To see a more recent example of my coding style and best practices, take a look at my Python caching library rapide 🐎
This was a personal project I worked on between June - October 2023, to further hone my skills in data processing, interacting with the Ethereum network, and machine learning.
The initial idea was to scrape per-block data on all holders of any given on-chain crypto asset. Each per-block dataset would contain accurate statistics on live holder profit-and-losses, along with other data points. This type of data was not offered by any third-party data brokers at the time, and would have cost a fortune to acquire through managed nodes.

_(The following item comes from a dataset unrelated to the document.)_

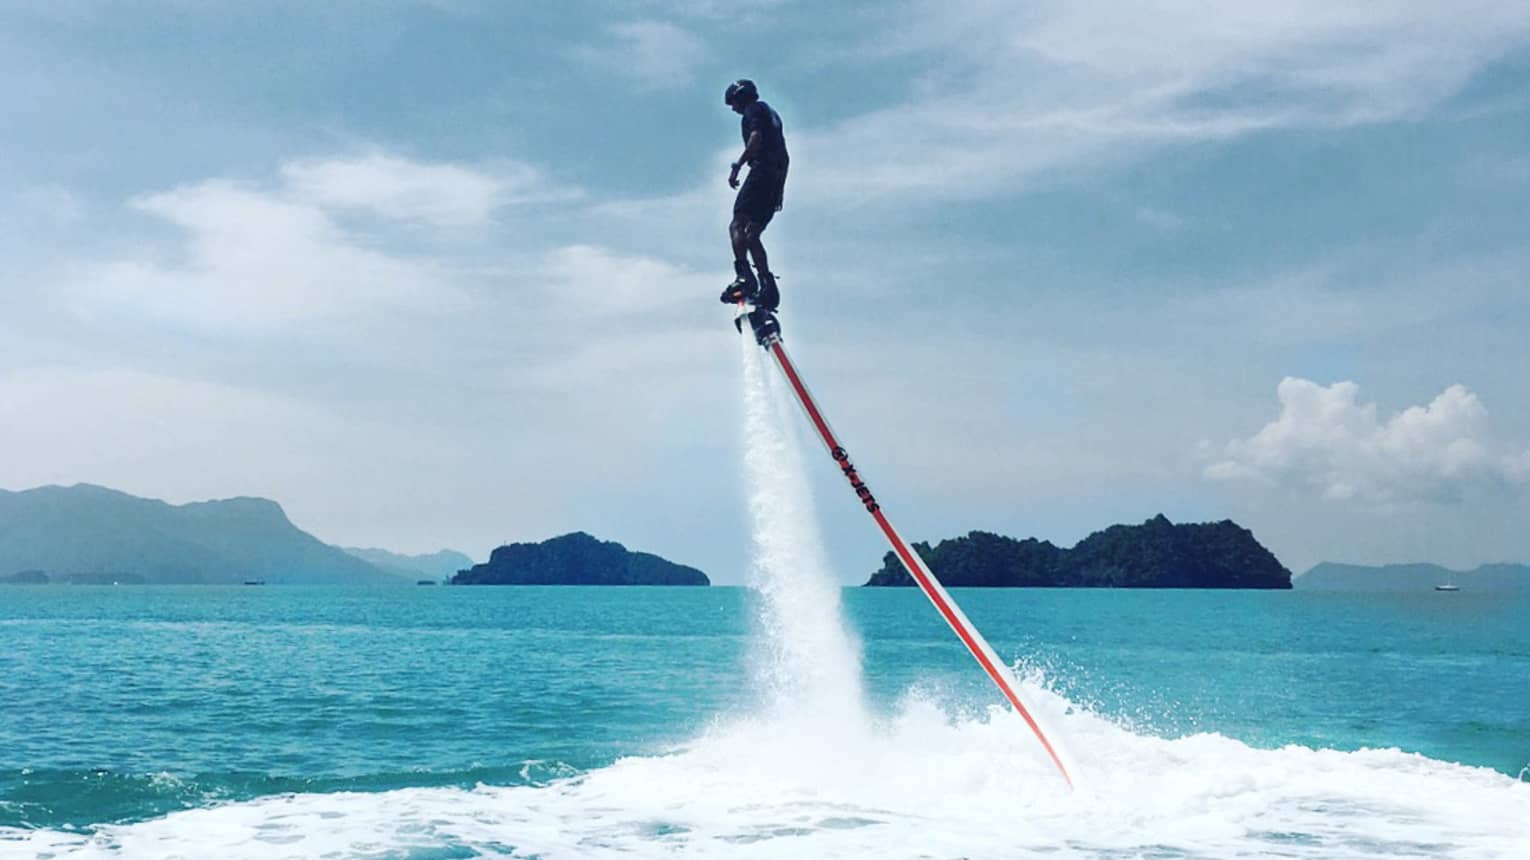 Water sprays as man soars above ocean attached to line, jet blade pack

- ✅ Efficiently query and cache data from a single, self-hosted Ethereum node
- ✅ Per-block, per-address live profit and loss data, fast enough for live use cases
- ✅ Use minimal 3rd party data sources
- ✅ Prepare normalized feature set from large amounts of raw data
- ✅ Train both neural-network and gradient boosting models
- ✅ UI that displays live model inference on a given crypto asset
- ✅ Simple backtesting system for models
- ✅ Uses EdgeDB, use EdgeQL to create concise queries
- ✅ Runs even on consumer hardware
Looking back on this project, there is a number of improvements and simplifications I would make.
-
Rework Data Features: At the time of this project I didn't have an understanding of predictive financial models, and simply included all the data I had collected. I compensated with regularization in the training steps, but this was a band-aid. Making a profitable model was not really my focus at the time.
-
Switch to SQLite: EdgeDB was fun to use, but introduces too much overhead and complexity given the scope of this project. A simple SQLite implementation for the cached data would probably be faster and give fewer headaches, especially when writing many rows in a single transaction. Some of the tables would have to be redesigned to better fit the more traditional style of SQL queries.
-
Testing for Faster Iteration: This codebase originally grew out of a small single script. Certain components, such as the
Database
andHybrid
classes, are fairly complex. I would add a suite of unit and integration tests, especially for these components, before making any further changes. This would be essential if switching to SQLite.
- Python 3.11
- poetry for package management
- edgedb-cli to setup database
- A fully synced, archival, self-hosted Ethereum node
- I recommend reth for execution and lighthouse for consensus
Used to interact with the library
poetry run ui
This prompts for a token pair address, then loads a terminal UI displaying live data and charts for that pair, including PnL spread amongst addresses and model inference results.
poetry run collect-samples
Using the pair addresses provided in samples_test.csv
and samples_train.csv
, this script pulls all per-block data from the database or node as needed, generates feature set, then packages into a compressed JSON for training.
poetry run reset-pair
Prompts for a token pair address and clears associated data from the database
poetry run train
Begins model training process. Each epoch is saved in a project directory.
poetry run train-save-epoch
Prompts for a epoch number in the training output directory and saves the model.
poetry run train-lgbm
Begins LGBM training process.
poetry run backtest
One of the last things I experimented with. Runs a basic backtesting suite and outputs results to JSON file.
poetry run backtest-analyze
Prompts for backtest results file and outputs some useful interpretive statistics in the terminal.